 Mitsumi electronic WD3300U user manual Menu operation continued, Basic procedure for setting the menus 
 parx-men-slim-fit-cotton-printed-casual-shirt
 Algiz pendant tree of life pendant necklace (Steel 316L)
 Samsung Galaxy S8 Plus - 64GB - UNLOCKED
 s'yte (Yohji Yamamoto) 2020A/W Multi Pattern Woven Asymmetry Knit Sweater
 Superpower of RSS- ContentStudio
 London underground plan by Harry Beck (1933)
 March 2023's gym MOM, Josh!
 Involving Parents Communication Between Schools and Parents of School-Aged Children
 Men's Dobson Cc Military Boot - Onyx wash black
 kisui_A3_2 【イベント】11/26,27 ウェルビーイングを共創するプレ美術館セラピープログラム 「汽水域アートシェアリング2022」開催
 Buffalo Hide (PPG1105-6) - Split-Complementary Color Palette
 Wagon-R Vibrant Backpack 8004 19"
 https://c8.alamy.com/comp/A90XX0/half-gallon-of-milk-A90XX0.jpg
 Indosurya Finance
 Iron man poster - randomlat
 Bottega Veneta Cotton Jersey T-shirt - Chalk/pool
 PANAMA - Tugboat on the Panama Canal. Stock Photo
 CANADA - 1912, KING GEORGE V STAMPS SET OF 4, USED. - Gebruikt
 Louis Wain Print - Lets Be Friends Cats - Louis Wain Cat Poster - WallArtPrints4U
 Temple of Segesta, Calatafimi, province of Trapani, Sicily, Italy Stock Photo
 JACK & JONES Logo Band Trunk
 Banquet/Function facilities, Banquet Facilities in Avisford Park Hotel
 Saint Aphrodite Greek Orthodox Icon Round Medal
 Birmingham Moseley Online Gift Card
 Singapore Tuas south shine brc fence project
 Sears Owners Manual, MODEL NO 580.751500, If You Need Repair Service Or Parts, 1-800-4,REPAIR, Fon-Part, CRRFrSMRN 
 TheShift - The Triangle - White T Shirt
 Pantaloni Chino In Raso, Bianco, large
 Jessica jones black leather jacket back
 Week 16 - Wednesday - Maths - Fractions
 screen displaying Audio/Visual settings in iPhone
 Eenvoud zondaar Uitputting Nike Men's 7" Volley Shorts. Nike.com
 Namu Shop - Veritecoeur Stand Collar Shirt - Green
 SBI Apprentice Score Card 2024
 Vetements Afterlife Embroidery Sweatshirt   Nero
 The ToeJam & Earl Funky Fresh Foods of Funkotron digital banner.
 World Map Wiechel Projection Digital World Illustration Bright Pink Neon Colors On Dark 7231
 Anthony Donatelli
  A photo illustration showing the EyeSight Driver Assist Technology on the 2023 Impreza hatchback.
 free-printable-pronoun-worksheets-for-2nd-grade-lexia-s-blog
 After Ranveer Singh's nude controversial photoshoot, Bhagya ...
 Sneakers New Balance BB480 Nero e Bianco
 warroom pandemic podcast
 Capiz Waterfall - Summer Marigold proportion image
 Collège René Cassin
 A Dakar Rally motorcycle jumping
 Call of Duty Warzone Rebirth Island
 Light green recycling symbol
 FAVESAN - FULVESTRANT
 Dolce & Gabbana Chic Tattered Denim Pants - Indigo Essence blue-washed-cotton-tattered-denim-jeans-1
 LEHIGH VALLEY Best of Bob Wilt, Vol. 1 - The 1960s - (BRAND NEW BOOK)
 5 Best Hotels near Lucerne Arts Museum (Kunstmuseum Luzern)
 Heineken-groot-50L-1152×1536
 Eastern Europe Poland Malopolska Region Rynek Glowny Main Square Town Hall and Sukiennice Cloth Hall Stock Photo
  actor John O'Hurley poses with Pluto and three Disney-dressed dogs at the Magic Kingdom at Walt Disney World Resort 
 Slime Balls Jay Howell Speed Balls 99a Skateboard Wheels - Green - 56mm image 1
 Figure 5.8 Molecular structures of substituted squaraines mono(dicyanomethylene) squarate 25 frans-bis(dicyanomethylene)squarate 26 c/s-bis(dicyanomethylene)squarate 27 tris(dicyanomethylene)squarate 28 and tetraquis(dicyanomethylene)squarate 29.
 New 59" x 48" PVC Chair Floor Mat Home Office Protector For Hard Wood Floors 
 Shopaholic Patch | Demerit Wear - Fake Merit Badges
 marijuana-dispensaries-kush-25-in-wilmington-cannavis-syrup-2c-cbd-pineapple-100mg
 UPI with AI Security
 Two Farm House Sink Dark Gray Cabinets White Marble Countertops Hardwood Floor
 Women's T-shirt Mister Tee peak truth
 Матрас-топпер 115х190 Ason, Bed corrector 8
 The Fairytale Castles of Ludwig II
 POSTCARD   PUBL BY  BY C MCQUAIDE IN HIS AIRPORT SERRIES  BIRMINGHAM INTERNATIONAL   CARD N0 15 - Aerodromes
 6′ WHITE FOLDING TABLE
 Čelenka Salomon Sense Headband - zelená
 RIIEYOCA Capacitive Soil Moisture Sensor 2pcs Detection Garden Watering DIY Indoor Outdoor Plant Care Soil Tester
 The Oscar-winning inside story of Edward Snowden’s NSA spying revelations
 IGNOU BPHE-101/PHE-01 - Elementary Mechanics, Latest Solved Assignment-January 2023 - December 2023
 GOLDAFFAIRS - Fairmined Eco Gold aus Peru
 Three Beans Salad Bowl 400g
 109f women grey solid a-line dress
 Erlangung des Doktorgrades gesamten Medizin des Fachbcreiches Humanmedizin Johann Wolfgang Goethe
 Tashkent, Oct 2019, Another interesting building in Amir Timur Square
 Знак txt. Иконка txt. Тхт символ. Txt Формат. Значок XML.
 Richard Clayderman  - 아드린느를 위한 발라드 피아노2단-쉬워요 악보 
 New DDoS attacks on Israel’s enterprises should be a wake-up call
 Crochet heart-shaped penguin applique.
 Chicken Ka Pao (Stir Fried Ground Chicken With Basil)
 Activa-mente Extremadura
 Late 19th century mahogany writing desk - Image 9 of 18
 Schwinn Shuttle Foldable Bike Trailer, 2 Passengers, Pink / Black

Assignment — Among the records above, repeat exactly the line with "Eastern Europe Poland", the line with "UPI with AI Security", and every line in between, and only those.

Reply to the task —
 Eastern Europe Poland Malopolska Region Rynek Glowny Main Square Town Hall and Sukiennice Cloth Hall Stock Photo
  actor John O'Hurley poses with Pluto and three Disney-dressed dogs at the Magic Kingdom at Walt Disney World Resort 
 Slime Balls Jay Howell Speed Balls 99a Skateboard Wheels - Green - 56mm image 1
 Figure 5.8 Molecular structures of substituted squaraines mono(dicyanomethylene) squarate 25 frans-bis(dicyanomethylene)squarate 26 c/s-bis(dicyanomethylene)squarate 27 tris(dicyanomethylene)squarate 28 and tetraquis(dicyanomethylene)squarate 29.
 New 59" x 48" PVC Chair Floor Mat Home Office Protector For Hard Wood Floors 
 Shopaholic Patch | Demerit Wear - Fake Merit Badges
 marijuana-dispensaries-kush-25-in-wilmington-cannavis-syrup-2c-cbd-pineapple-100mg
 UPI with AI Security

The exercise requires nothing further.